Infectious Diseases University Research Center, Rabin Medical Center, Beilinson Hospital, Petah Tikva, Israel.
Sackler Faculty of Medicine, Tel Aviv University, Tel Aviv, Israel.
Eur J Clin Microbiol Infect Dis. 2018 Mar;37(3):455-462. doi: 10.1007/s10096-018-3190-1. Epub 2018 Jan 20.

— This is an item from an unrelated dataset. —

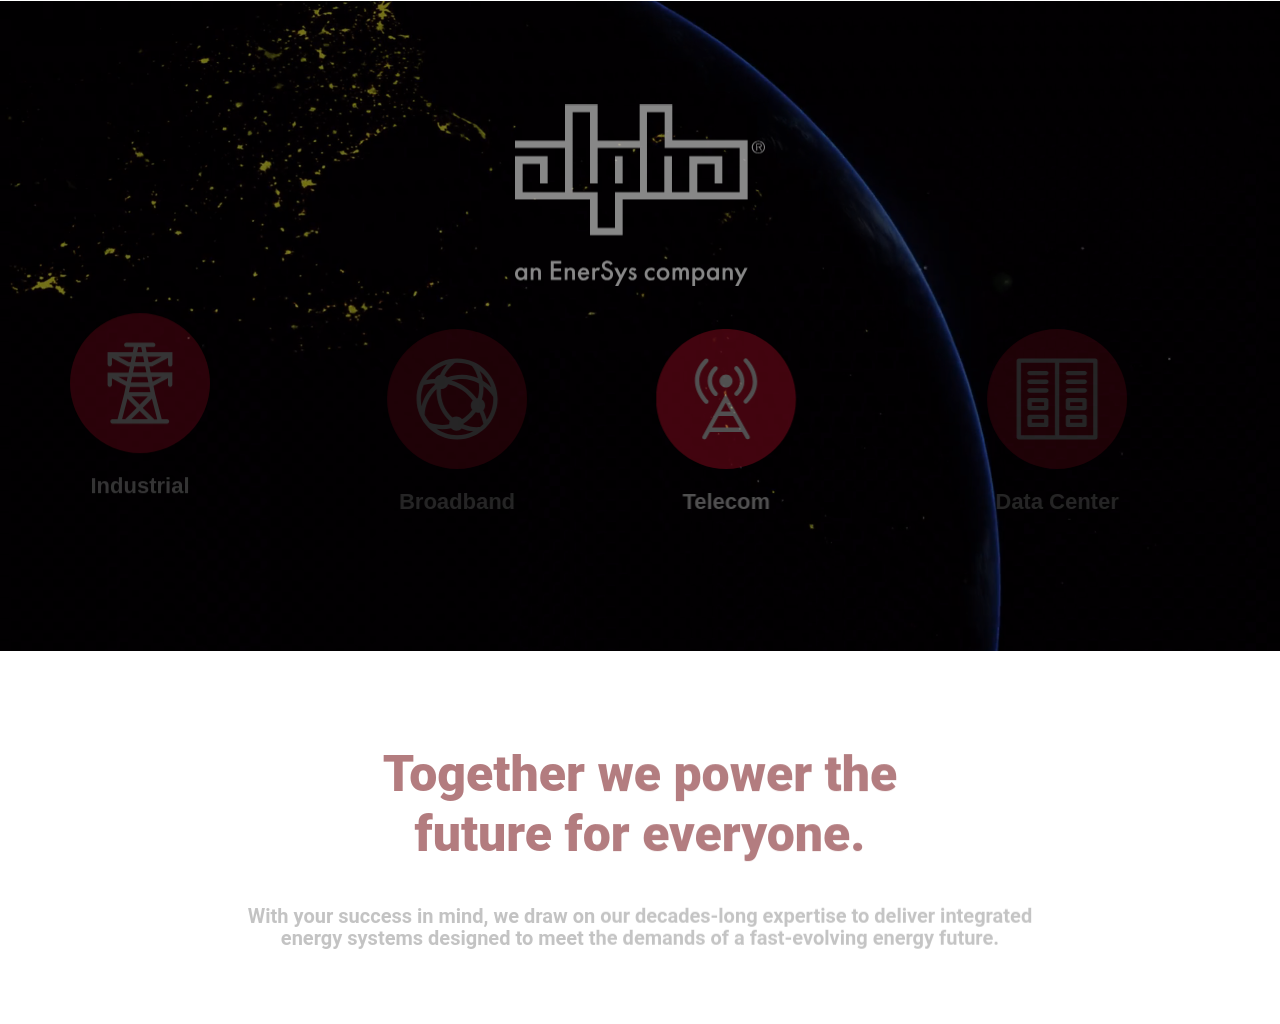 alpha.com

The objective of this study was to explore whether the percentage of inappropriate empirical antibiotic treatment in patients with bacteremia changed over time and to understand the factors that brought on the change. Three prospective cohorts of patients with bacteremia in three different periods (January 1st, 1988 to December 31st, 1989; May 1st, 2004 to November 30, 2004; May 1st, 2010 to April 30, 2011) were compared. Analysis was performed on a total of 811 patients. In 2010-2011, 55.9% (76/136) of patients with bacteremia received inappropriate empirical treatment, compared with 34.5% (170/493) and 33.5% (55/164) in the first and second periods, respectively, in a significant upward trend (p = 0.001). Resistance to antibiotics increased significantly during the study period. The following variables were included in the multivariate analysis assessing risk factors for inappropriate empirical treatment: study period (third period) [odds ratio, OR = 2.766 (95% confidence interval, CI, 1.655-4.625)], gender (male) [OR = 1.511 (1.014-2.253)], pathogen carrying extended-spectrum beta-lactamases [OR = 10.426 (4.688-23.187)], multidrug-resistant Acinetobacter baumannii [OR = 5.428 (2.181-13.513)], and skin/soft infections [OR = 3.23 (1.148-9.084)]. A model excluding microbiological data included: gender (male) [OR = 1.648 (1.216-2.234)], study period (third period) [OR = 2.446 (1.653-3.620)], hospital-acquired infection [OR = 1.551 (1.060-2.270)], previous use of antibiotics [OR = 1.815 (1.247-2.642)], bedridden patient [OR = 2.019 (1.114-3.658)], and diabetes mellitus [OR = 1.620 (1.154-2.274)]. We have observed a worrisome increase in the rate of inappropriate empirical treatment of bacteremia. We need tools that will allow us better prediction of the pathogen and its susceptibilities during the first hours of managing a patient suspected of a severe bacterial infection.
本研究旨在探讨血培养中经验性抗生素治疗不合理的比例是否随时间发生变化,并了解导致这种变化的因素。比较了三个不同时期(1988 年 1 月 1 日至 1989 年 12 月 31 日;2004 年 5 月 1 日至 2004 年 11 月 30 日;2010 年 5 月 1 日至 2011 年 4 月 30 日)的三组血培养患者的前瞻性队列。共分析了 811 名患者。2010-2011 年,55.9%(76/136)的血培养患者接受了不合理的经验性治疗,而第一和第二期分别为 34.5%(170/493)和 33.5%(55/164),呈明显上升趋势(p=0.001)。研究期间抗生素耐药性显著增加。多变量分析评估了经验性治疗不合理的危险因素,包括:研究期间(第三期)[比值比(OR)=2.766(95%置信区间,CI,1.655-4.625)]、性别(男性)[OR=1.511(1.014-2.253)]、携带扩展β-内酰胺酶的病原体[OR=10.426(4.688-23.187)]、多重耐药鲍曼不动杆菌[OR=5.428(2.181-13.513)]和皮肤/软组织感染[OR=3.23(1.148-9.084)]。排除微生物学数据的模型包括:性别(男性)[OR=1.648(1.216-2.234)]、研究期间(第三期)[OR=2.446(1.653-3.620)]、医院获得性感染[OR=1.551(1.060-2.270)]、既往使用抗生素[OR=1.815(1.247-2.642)]、卧床患者[OR=2.019(1.114-3.658)]和糖尿病[OR=1.620(1.154-2.274)]。我们观察到血培养中经验性抗生素治疗不合理的比例令人担忧地增加。我们需要能够在管理疑似严重细菌感染患者的最初几小时内更好地预测病原体及其敏感性的工具。